Nothing is worse than a good night’s rest being wrecked by a dripping nose, itchy eyes and uncontrollable sneezing. Aw, man, nighttime allergies are truly the worst!
If you or any of your little ones suffer from a specific allergy it might be possible to quickly identify the culprit and tackle it head-on. Say by switching pillows or light bulbs. Alas, many of us simply fall into the category of allergic to the world.
Sleep deprivation has a very real impact on your physical and mental health, and your academic performance. If you combine sleepless nights with allergy filled days then summer really is the darkest time of the year.
Don’t despair completely, there are a few things you can do to help minimize the chances of allergies ruining your sleep…
Choose Better Bedding
If you or your kids suffer from nighttime allergies and you haven’t discovered anti-allergy bedding yet, where have you been?
Switching from traditional materials to bedding made with fabrics designed specifically to prevent allergens from sneaking into your mattress can be an easy win.
While you’re at it maybe double check that the thing you’re sleeping on isn’t made from any materials that can do your health further harm.
Wash your Bedding Frequently
Even if you have anti-allergy bedding, to keep the amount of dust, dead skin, pollen and animal hair you have in your sheets to a minimum you simply must wash your bedding frequently. At least once a week.
Your pillows may look lovely, clean and white, but just remember for eight hours a night you’re mushing your nose and mouth right into them.

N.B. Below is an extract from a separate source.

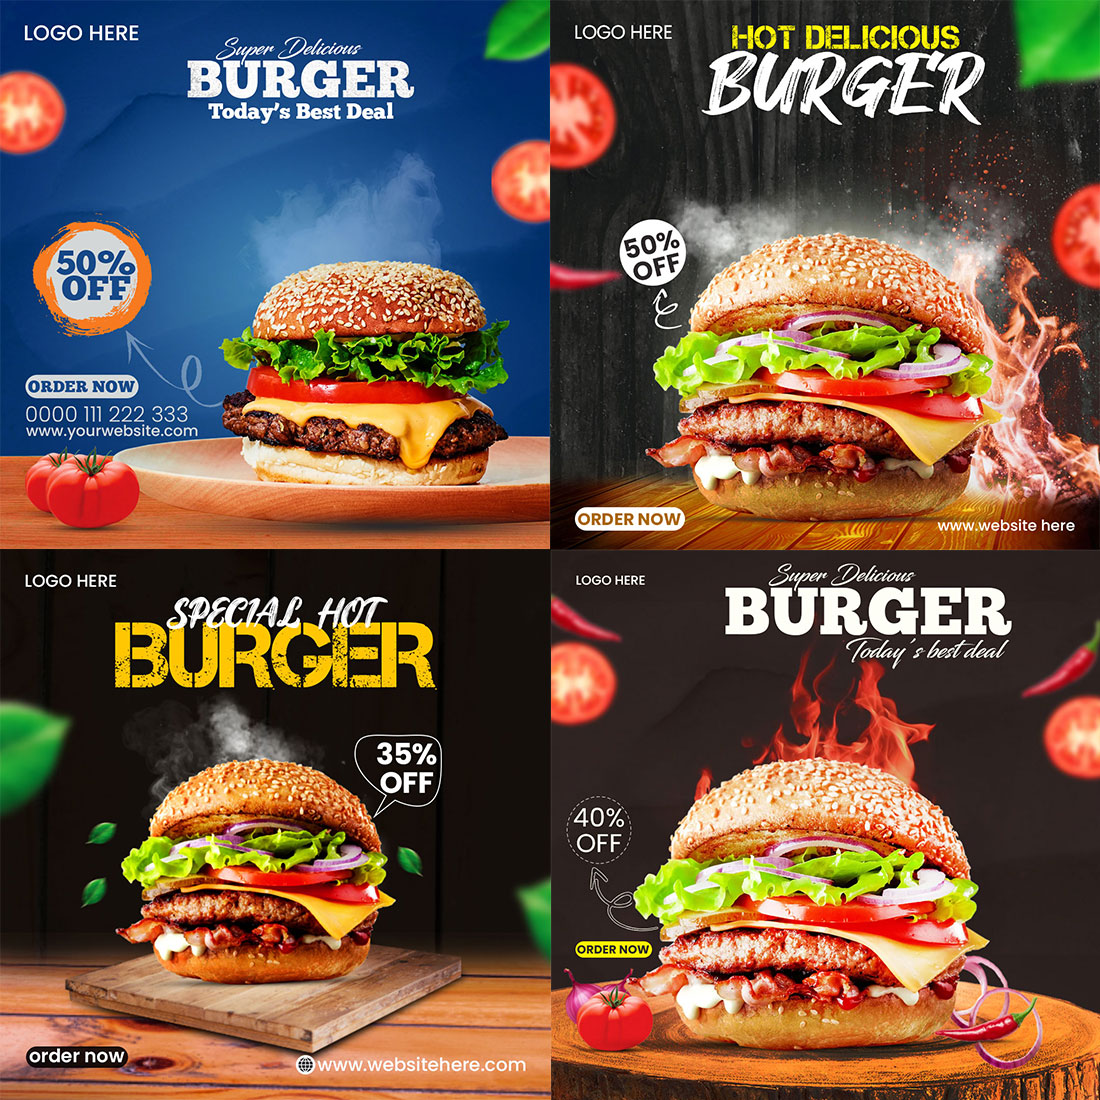 Burger Food Social Media Post Template cover image.

Even the smallest traces of allergens are going to easily have a big impact on your respiration and congestion levels.
Ensure that when you wash your bedding you do so in water at least 130 degrees Fahrenheit in temperature. This is important to kill off any dust mites that may be hanging around.
Shower Before Bed
Having a nice hot shower before bed is a great way to counteract some of the effects of nighttime allergies. Firstly having a good rinse will remove the invisible layer of dust, pollen and any other pesky allergens that you may have picked up during the course of the day.
Secondly, the steam from the shower should help to open up any stuffed up passages and ease nasal stuffiness. To increase the decongesting power of the steam why not add a little eucalyptus oil to proceedings. Ahhh, take a nice deep breath!

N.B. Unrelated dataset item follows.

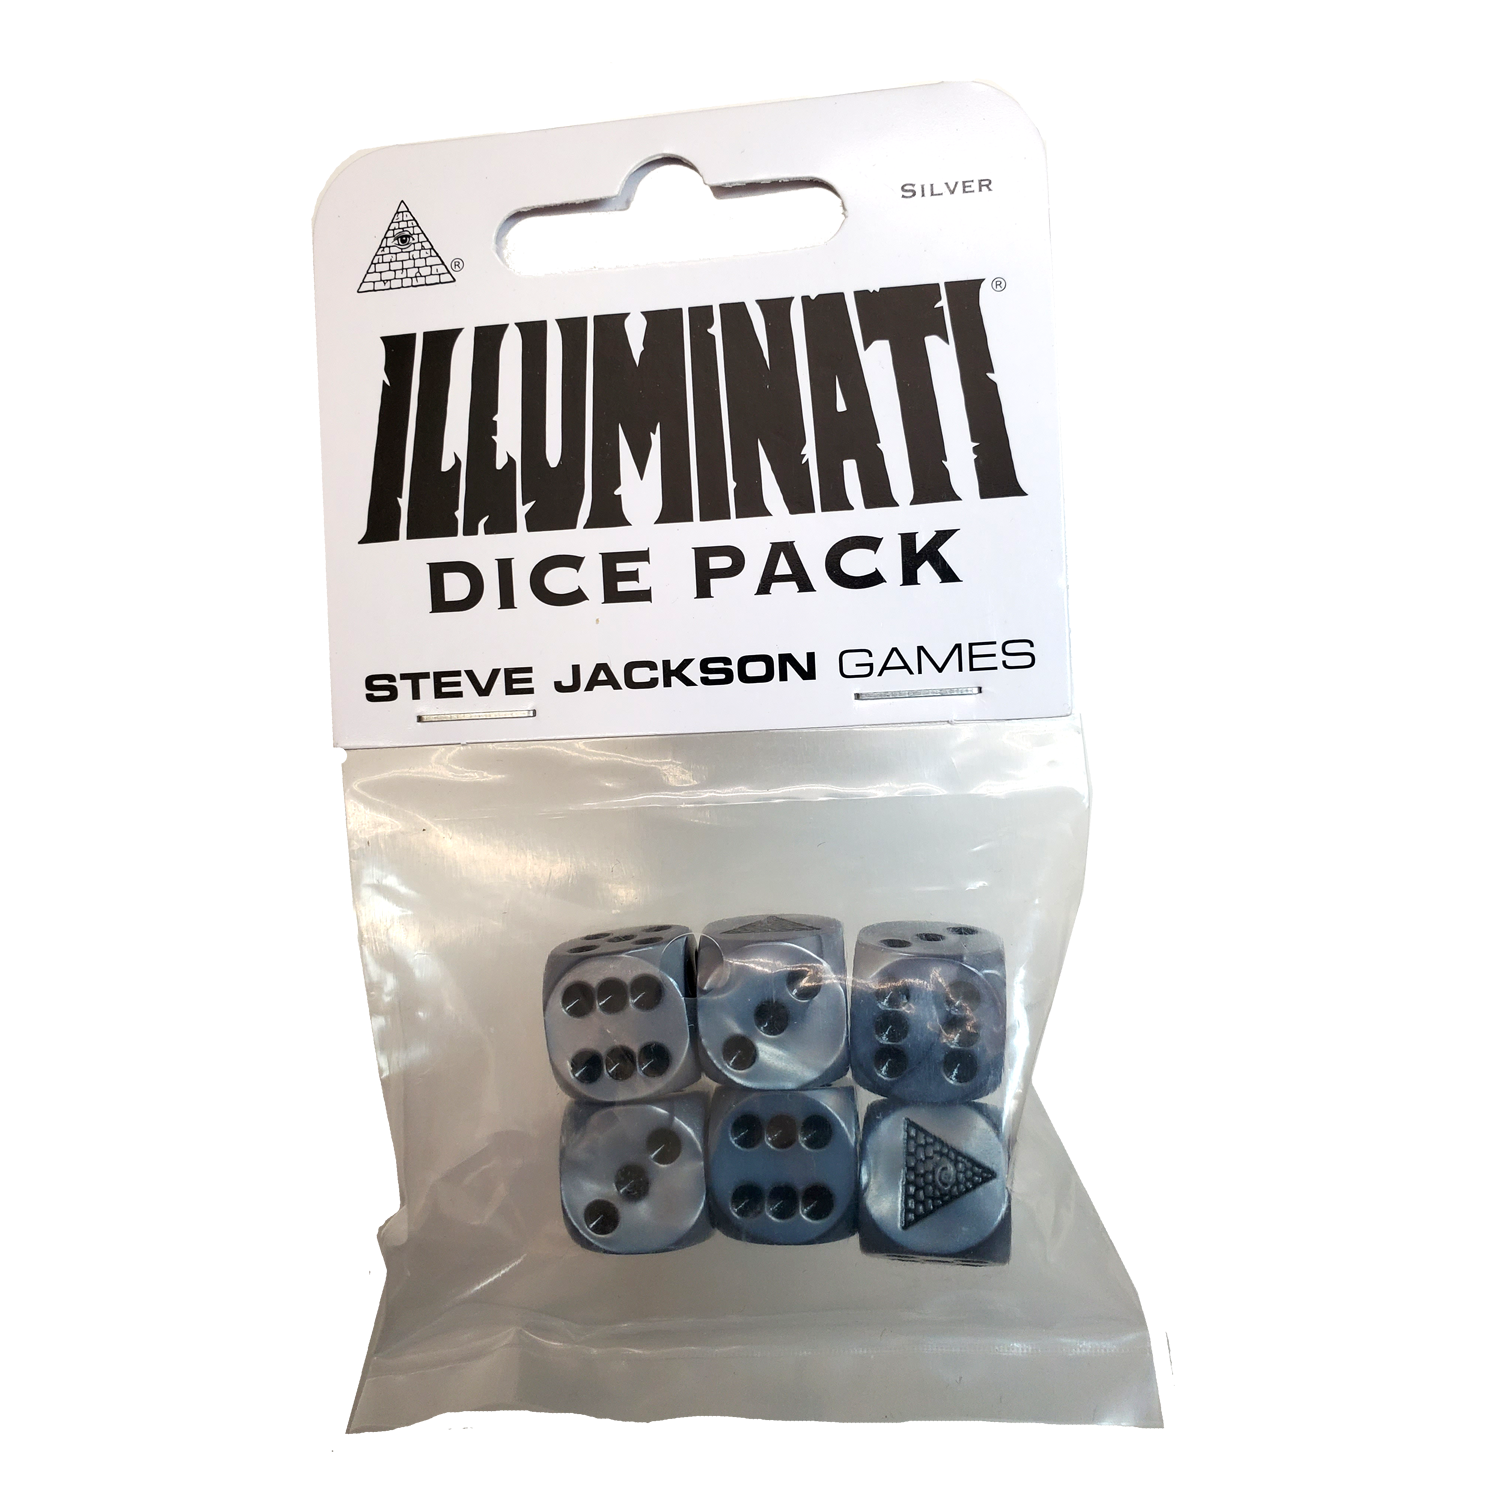 Buy silver Illuminati Dice Pack

It might sound inconsequential but sleeping with your head propped higher up by pillows can make a big difference to how severe your nighttime allergy symptoms may appear.
Why? Well, it’s basically all down to gravity. The flatter you lie in the bed the more the mucus will simply collect and the more congested you will feel as a result. For an easy win just prop yourself up a little.
No Pets Allowed
If you suffer from allergies then your bedroom should be a pet free zone. That means keep Muffles out all day, every day. It’s no good letting your furry friend sleep on the bed during the daytime and then kicking them out at night. The damage will have already been done.
Even if you’re not specifically allergic to the pet dander itself, let’s face it your four-legged friends are basically mobile dirt sponges. On their wanderings around the house and garden, their hairy little bodies will collect all the things you’re trying your hardest to avoid. Allergens like dirt, dust, and pollen. Unbeknownst to them, as they roll around looking cute, they will then transfer all of this to your bed linen.
Put a Cap on the Nightcap
Let’s end with a tip aimed squarely at you parents now. Once you’ve tucked the nippers away in bed it can be very tempting to relax and unwind with a nice glass of vino (or three) on the couch. Well, it turns out that sleep and drink make poor bedfellows indeed. Especially if you suffer from nighttime allergies.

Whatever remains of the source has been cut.